Saturday, June 20, 2009

Window to the past

I have been doing a fair bit of reflecting lately, into the past, into who I was 10, 5 or even 2 years ago. This has been predicated by two main events, maybe three

The first is that on this coming Tuesday I will be at the airport to farewell one of the most influential women in my life at the moment, after my family. For the last two years my emotional and spiritual growth has been the burden / responsibility of one Jodi Mac, and looking back to two years ago is a scary thing. It is going to be hard to say goodbye because I can see how far I’ve grown emotionally and spiritually in this last year, and more than that I can see how much farther I have to go now, and thanks so much to her I have learnt to not build barriers around myself, but instead to trust, to let people in, so that God can bring into my life more beautiful women who can inspire me and love me, and who I can love and serve in return, so that we can together fight to follow Christ. I am healthier because of God’s work through you Jodi Mac, thankyou for being you (and not just in terms of being a fitness freak who inspires me to physically healthiness, but for being someone who is willing to look inwardly, to be real about needing people, and to be excited about being a daughter lovingly made by the Creator).

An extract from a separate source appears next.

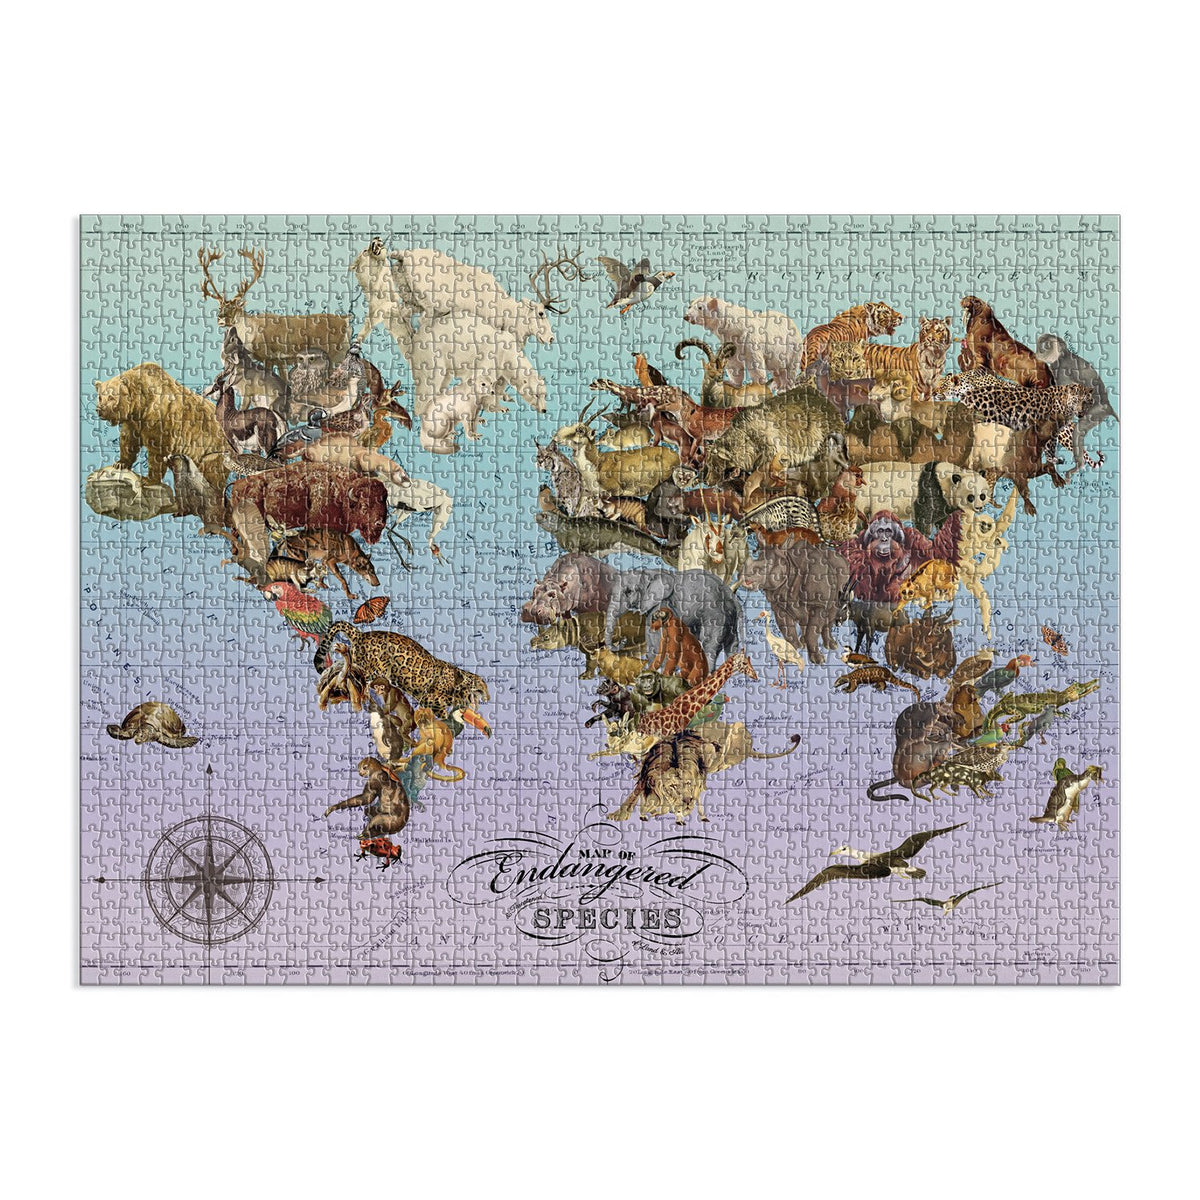 Wendy Gold Endangered Species 1500 Piece Jigsaw Puzzle 1500 Piece Puzzles Wendy Gold 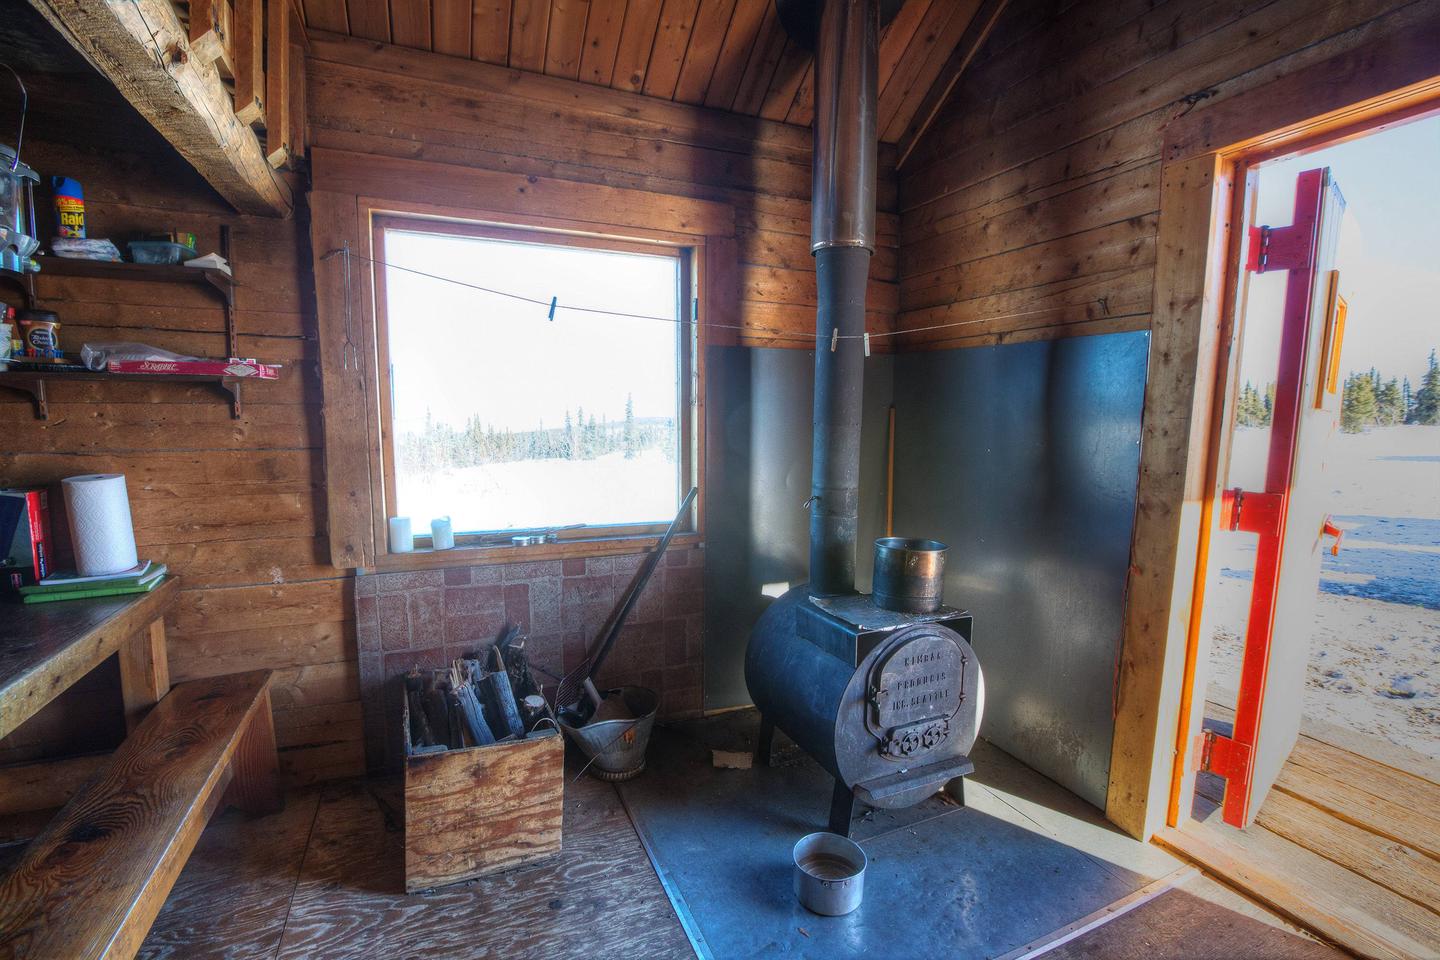 Inside view of log cabin with woodstove, window, and doorwayWoodstove and picture window at Lee's Cabin

The second is today my old credo small group (FINALLY) caught up. 2004, second semester, I had become a Christian earlier that year, but still thought I knew it all. These are the people who inspired me on in godliness and maturity, particularly to have guys who were so counter cultural - who valued relationships, who were loving and respectful towards women as sisters, and who sought to see people and themselves walk closer to God. Today I was reminded so much of the blessings of all these people in my life, even if I haven’t seen them in too long, the impact from almost 5 years ago is still working at me.




There are times when I am just so thankful for the weaknesses God has put in me, because they force me to need others, to be a part of the body of believers, rather than thinking I can go it alone. There are so many other people in my life who love and inspire me, listing them all would not give due honour to their place in my life, but if you seek to love people and build them up, then I just want to say thankyou. Thankyou for those with generous hearts and minds to give me a moment of your time, a hug when I need one, to buy me lunch when I’m low on cash. Thankyou for those who work up the courage to rebuke me in love, even though it hurts you and me, its a tear that heals stronger both in our relationship together and our relationships with God.

It reminds me of that bit in Hebrews ch10 : And let us be concerned about one another in order to promote love and good works, not staying away from our meetings, as some habitually do, but encouraging each other, and all the more as you see the day drawing near.


Thankyou for being my brothers and sisters as we throw off all that weighs us down or so easily ensnares so that we may run this race with our eyes fixed on Jesus.